Re: RN528X ethernet bandwidth

Many thanks

Message 5 of 8
Sandshark
Sensei

Re: RN528X ethernet bandwidth

I recently did exactly what you want to do and did essentially what @StephenB suggests.  In my case, the NAS is a rack mount one with SFP+ ports, so the switch was even cheaper with 4 2.5GBE max multi-gig and two 10GBE SFP+ ports.  I got significantly better performance, but didn't realize the full potential of the 2.5GBE, especially on writes, because the NAS can't keep up, so going with 10GBE on the PC side is probably a waste.

Message 6 of 8
jimk1963
Luminary

Re: RN528X ethernet bandwidth

Depends on your storage media and RAID config. With SSD's, I'm seeing max writes at ~620 MB/s in RAID 6, and when I briefly tried RAID 10, I was getting about 850-900 MB/s writes. That's 2x to 3x what a 2.5GbE port can achieve. I had a weird crash during the SSD RAID 10 build - which was probably my fault as I was running file transfers while it was doing its first-time resyncing (too impatient!!!  🙂) - so I chickened out and went back to RAID 6. Even using spinning HDD's in RAID 10, peak write speeds should exceed 500 MB/s.

 

Read speeds also deserve consideration. Even with RAID 6, with SSD's the 10GbE link is fully saturated on reads when moving files from the NAS to my NVMe drive on the desktops or laptop. That's 4x the speed a 2.5GbE port can achieve. If reads are important to your workflow, something to consider. FWIW, the ReadyNAS performance report also achieved saturated 10GbE using 1TB HDD's in RAID 6. 

 

Today it's pretty easy to find inexpensive combo switches that are primarily 2.5GbE with one or two 10 GbE ports.

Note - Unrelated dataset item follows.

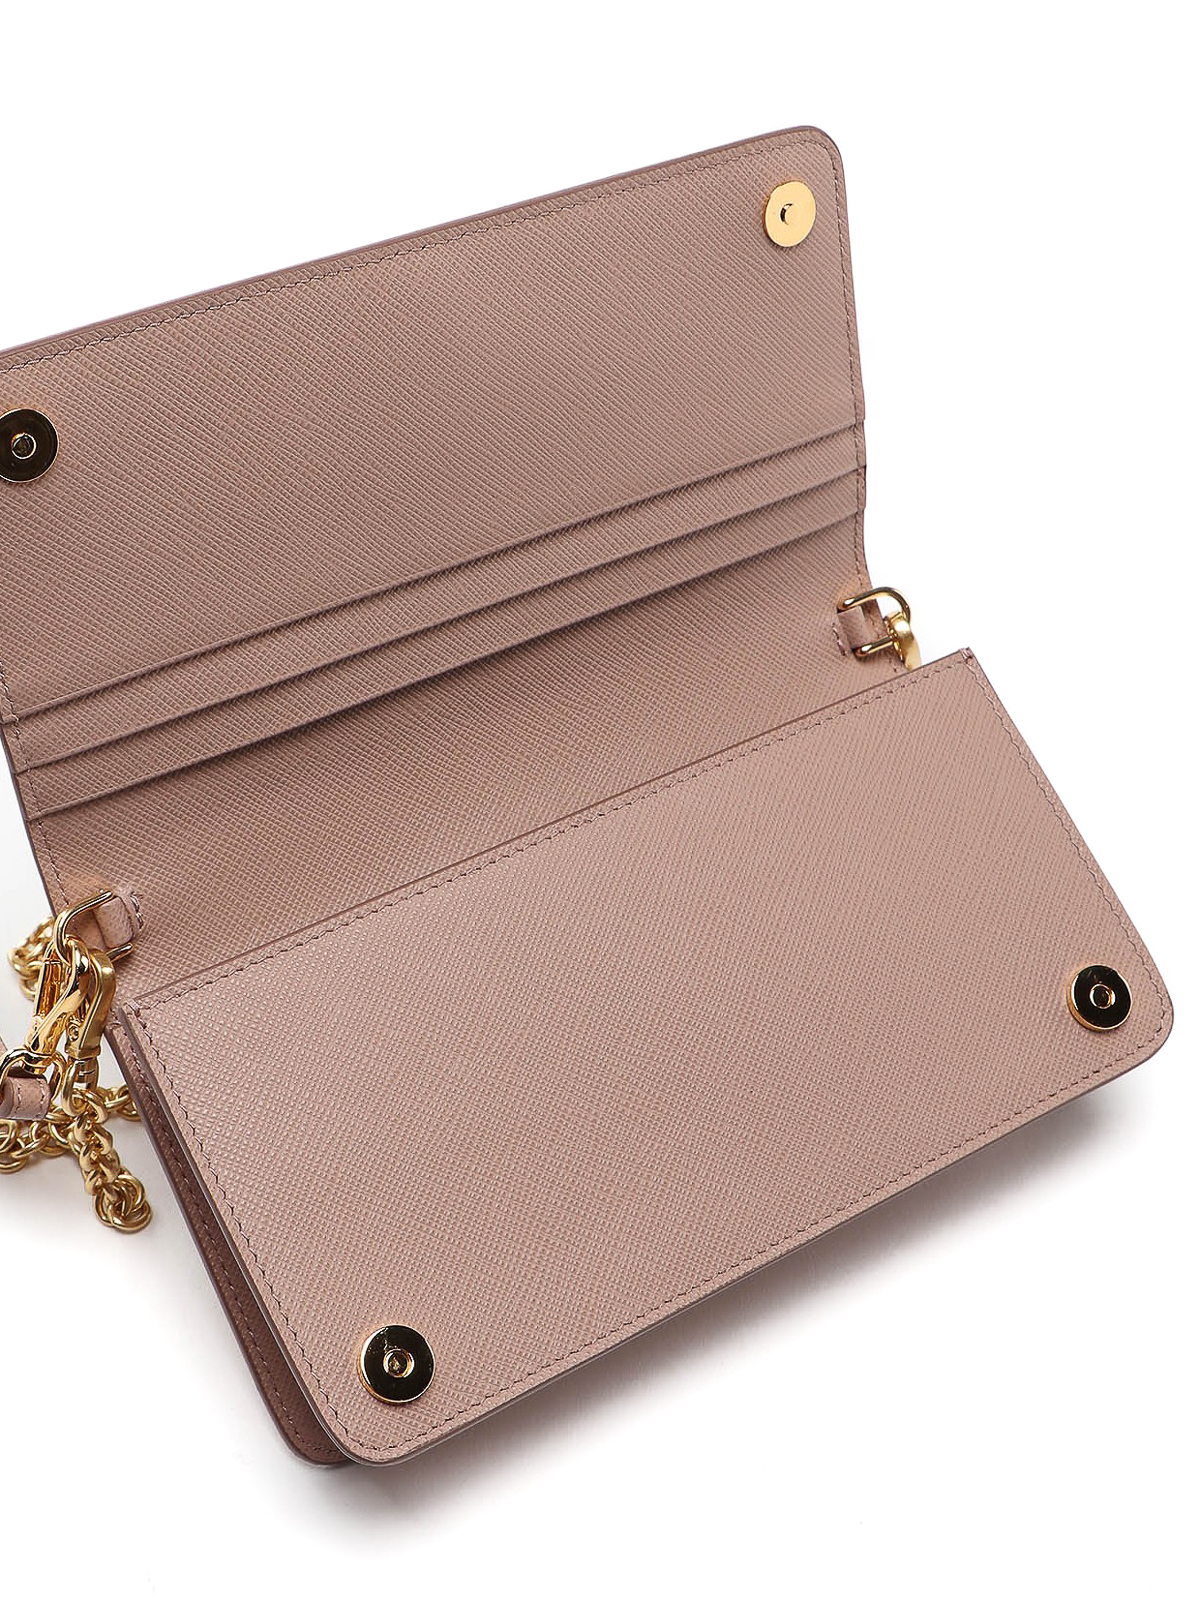 Prada - Saffiano Leather Wallet On Chain Cipria

The proliferation of 2.5GbE (it's in 95% of new motherboards now) is understandable - lower power, less expensive componentry, and less expensive to implement on a PCB (10GbE can be a PITA w/ RF shielding, finicky trace layout, etc.). Good enough for most needs, but if you're sitting on a NAS with 10GbE ports, seems a waste not to make full use of them if your config can make use of them.

Message 7 of 8
Sandshark
Sensei

Re: RN528X ethernet bandwidth

Yes, with SSD's, you could get >2,5GbE performance.  I probably could get a bit more than 2.5 peak if I had 10G all the way to the computer, but I based my statement on sustained rates.  Mine is a 12-drive RAID6 with spinning drives -- an RD5200 converted to ReadyNAS OS6.  It does utilize a 4-channel SAS controller and a SAS expander backplane, so I suppose that could be slowing things down a bit.